В своей лекции Кроули размышлял над случаем средневекового аристократа Жиля де Рэ, обвиненного в убийстве целой кучи детей в погоне за алхимическими секретами. Размышляя о собственном опыте, Кроули спросил: был ли пресловутый Жиль ученым, ставшим жертвой суеверных слухов, как и он сам? С тяжелой иронией Кроули предположил, что общество все еще является психологически средневековым: «Чем более религиозны люди, тем больше они верят в черную магию»[438]
.В то время как «запрещенная лекция» продавалась рекламщиками, Кроули явился на интервью Oxford Mail. Это не был триумф рекламы, а усилило мрачный имидж Кроули; он не мог выиграть.
История запрета предвзято рассказана в книге Артура Колдер-Маршалла «Магия моей юности»[439]
. Друг Нойбурга и член Поэтического общества, Колдер-Маршалл рассказывает о встрече с Кроули в Коттедже Айви, в окружении психоделического экспрессионизма Кроули. Он рассуждает о «слезящихся глазах» Кроули, чьи гипнотические силы, казалось, иссякали, когда Зверь напоил молодого человека бренди, отправив его девушку с Марией на прогулку. Хрипящий от тяжелой астмы «измученный» вид Кроули не был удивительным, учитывая его жизнь, которая сильно отличалась от жизни воспитанного в уюте автора. Кроули предложил ему работу, но Колдер-Маршалл отказался, посчитав отказ триумфом над силами зла, прежде чем заключить, что недостаток Кроули в «чистом зле» объясняется тем, что «зло никогда не было чистым» (!). Ему никогда не приходило в голову, что Кроули вообще не был злом. Ответ Кроули на визит Колдера-Маршалла был радостным: «Надеюсь вскоре снова увидеть вас»[440].Колдер-Маршалл и Кроули действительно встретились снова, поскольку маг записал последний, красноречивый обмен мнениями между ними:
Кроули провел остаток февраля и марта в Кенте, увязнув в бизнесом с Mandrake. В то время как «Инки» Стивенсен отлично справился с изложением фактов литературной карьеры Кроули для своей «Легенды об Алистере Кроули» (1930), Кроули развлекал Регарди тяжелым трудом и весельем. Возможно, Регарди уже склонялся к психоаналитическим теориям, которые будут доминировать в его зрелой карьере. Это объяснило бы наблюдение Кроули: «Психоаналитики извлекли из порока максимум удовольствия. Вместо того, чтобы быть славным революционером, вы всего лишь мерзкий младенец, который так и не вырос из этого. Подобные замечания применимы и к добродетели»[442]
. И наоборот, он мог быть вдохновлен Карлом Гермером, который проходил анализ у знаменитого доктора Альфреда Адлера — психоаналитика со здравым смыслом, по мнению Кроули. Гермер пытался убедить Кроули приехать в Германию, чтобы утвердить свое превосходство над остальным человечеством как пророк эона через издательскую кампанию. Кроули отверг поклонение героям: «Я не придаю никакого значения позиции, которую я занимаю в отношении провозглашения этого определенного Закона. Это просто неприятность»[443].Между тем его коллекция картин и рисунков, томясь яркими красками в унылом коттедже, нуждалась в выставке. Регарди составил список из 142 работ для лондонской выставки[444]
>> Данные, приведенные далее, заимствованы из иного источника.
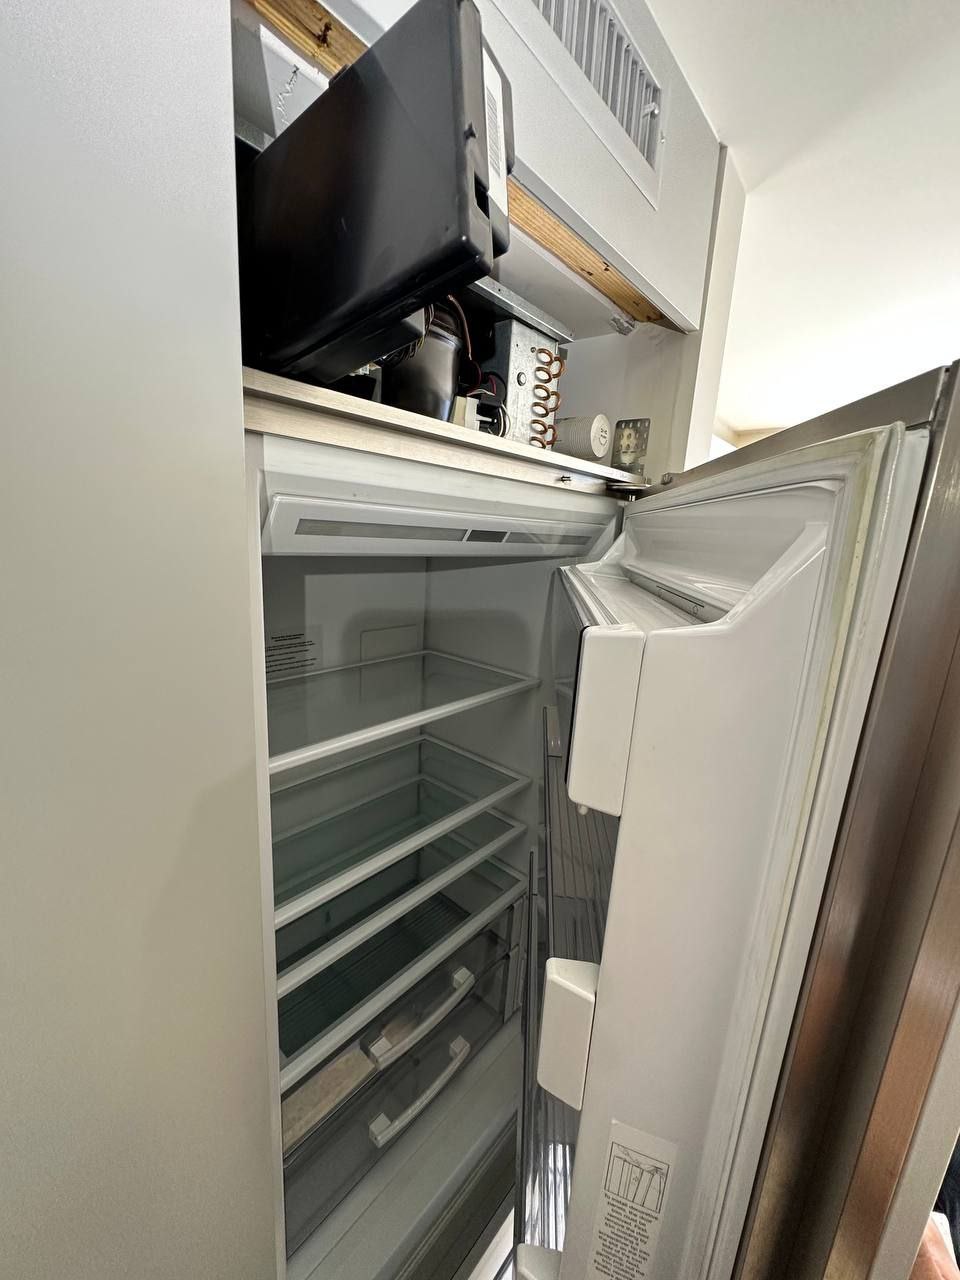 Refrigerator Sub-Zero Repair

. Ни одна лондонская площадка не примет сказочные творения старого мастера. Если Англия предпочитала подавлять своих великих людей, то в другом месте этого не было. Кроули посмотрел за границу; он не будет скован цепью. И у полковника Картера тоже были идеи.23. ОДНОЙ ЧАСТЬЮ ПЛУТ
(1926–1930)
Легенда Кроули проявляет скудный интерес к его детям; подразумевается, что он тоже не слишком о них заботился. Это вовсе не так. Хотя семейные дела достигли драматической точки в 1930 году, нам нужно вернуться, чтобы понять предысторию.
В январе 1926 года Кроули был в Тунисе с Дороти Олсен. Их отношения остывали, но Сестра Астрид по-прежнему представляла источник денег. Тем временем в Чефалу мать Говарда и Лулу Астарты томилась на заброшенной вилле Санта-Барбара. Крики о помощи Нинетт Фро, адресованные Кроули, Джейн Вулф, Карлу Гермеру и Дороти Олсен, разносились жгучей волной в 1926–1977 годах.